Playing “Moneyball” to Drive Returns
The Lancer Group and PEI announced plans to produce a series of four research reports entitled “Human Capital Moneyball- Linking Talent to Private Equity Deal Outcomes.” The reports aim to use data to vet common assumptions around the search for portfolio company CEOs and CFOs and offer guidelines for hiring executives who truly create value.
Much like in baseball, searches for C-suite All Stars are the same as they’ve ever been, and just as much of a gamble, like baseball’s previous reliance on talent scouts. Famed baseball executive Billy Beane revolutionized recruiting by focusing on data in building a team on the cheap, delivering a playoff run for the Oakland A’s for the fraction of their competitors’ payrolls.
The Lancer Group and PEI are gathering and analyzing data from recent successful transactions to discern the hidden metrics that can improve hiring decisions. Over the coming months, four research reports will be issued to offer a “moneyball” approach to human capital problems at private equity portfolio companies.
And the problems are real. PEI and the Lancer Group estimate that billions of dollars of value have been lost due to hiring the wrong person to lead portfolio companies. One private equity manager they spoke with admitted that it’s hard to discern if their latest hire is creating value until they’ve been observed on the job for months.

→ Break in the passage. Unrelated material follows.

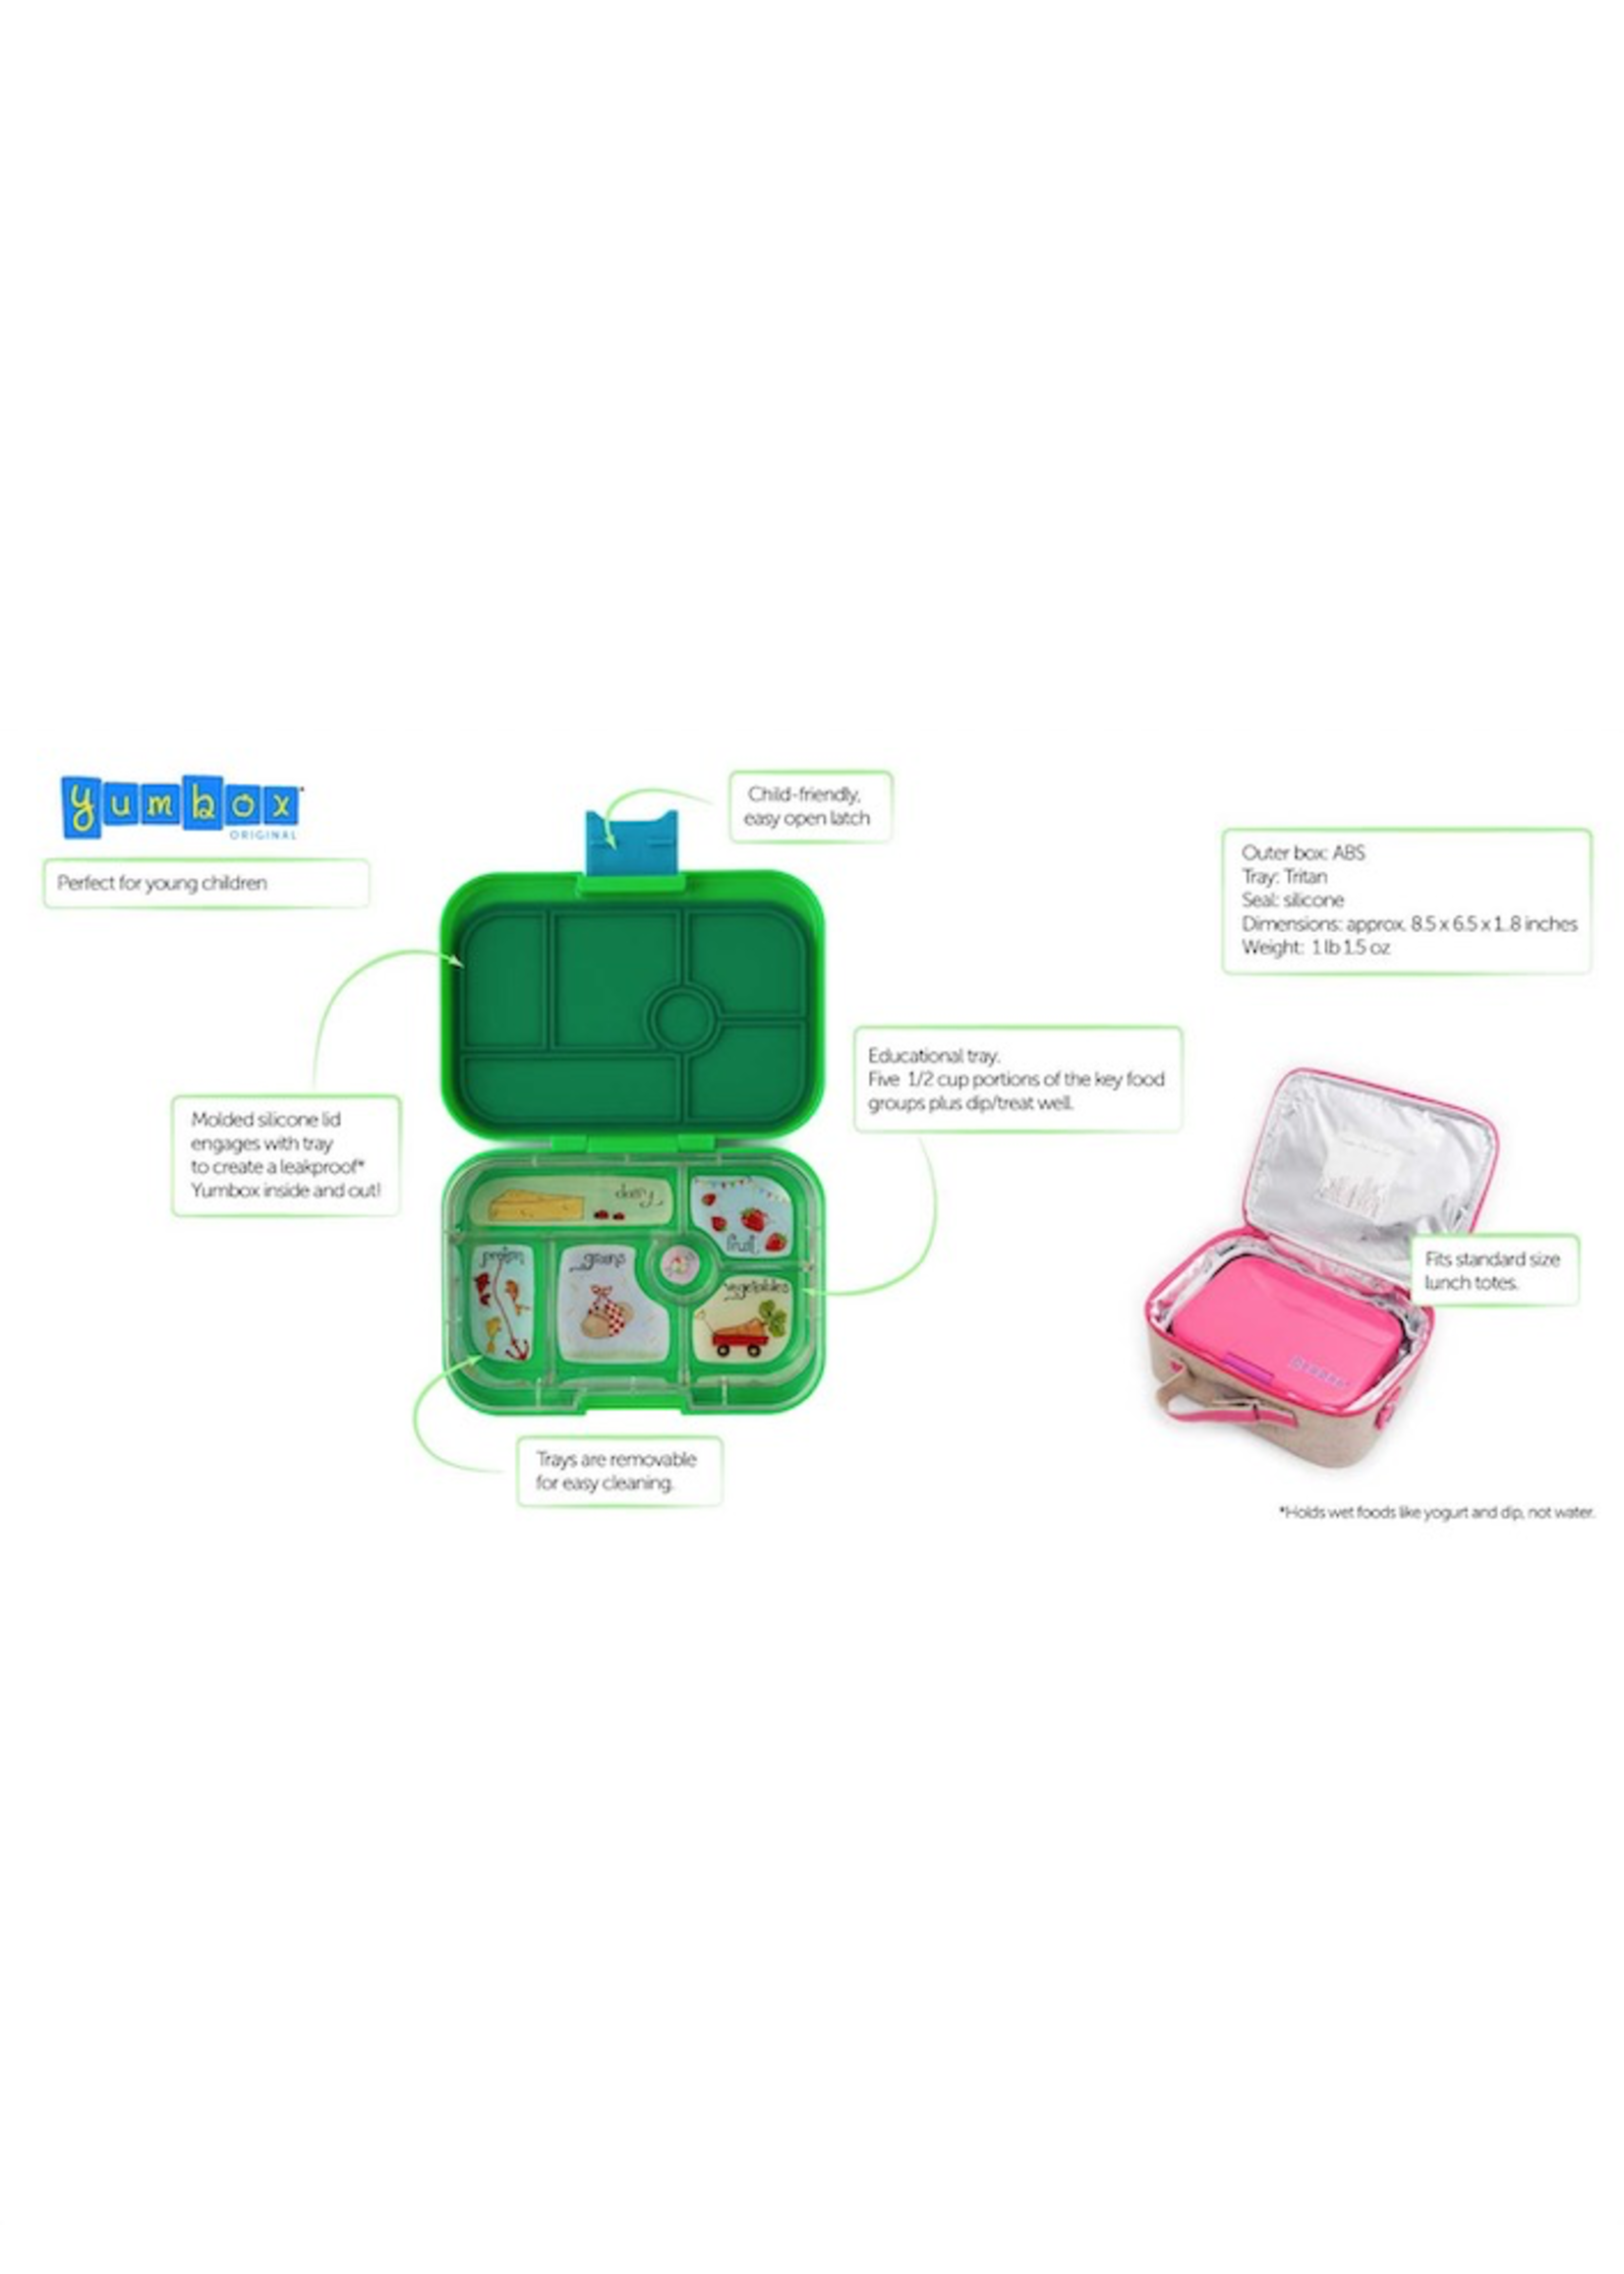 Yumbox Yumbox, Leakproof 6 CompartmentBento Box for Kids

Private equity might have evolved their financial engineering tactics over the years, but they’re often hiring talent with the same tactics as fifty years ago: paper profiles, interviews, references and assessment testing.
While the PE industry has heeded industrial psychology’s focus on “soft skills” with aptitude and personality tests, the reports seek to challenge those assumptions, along with several others. For example, the research will test whether prior private equity experience is relevant for portfolio company CEOs, or whether candidates from elite universities fare better than those from less illustrious institutions.
The data hunt will involve a deep dive into successful portfolio investments and the role human capital played in each, along with an analysis of the CEOs and CFOs that led those winning companies.
That work will be published as four research reports over the course of 2017. The first will share case studies of successful investments and their human capital component, the second will focus on research into portfolio company CEOs, the third will report data into CFOs, and the fourth will offer best practices for both GPs and LPs, given how many investors are starting to make direct investments or up their co-investment activity.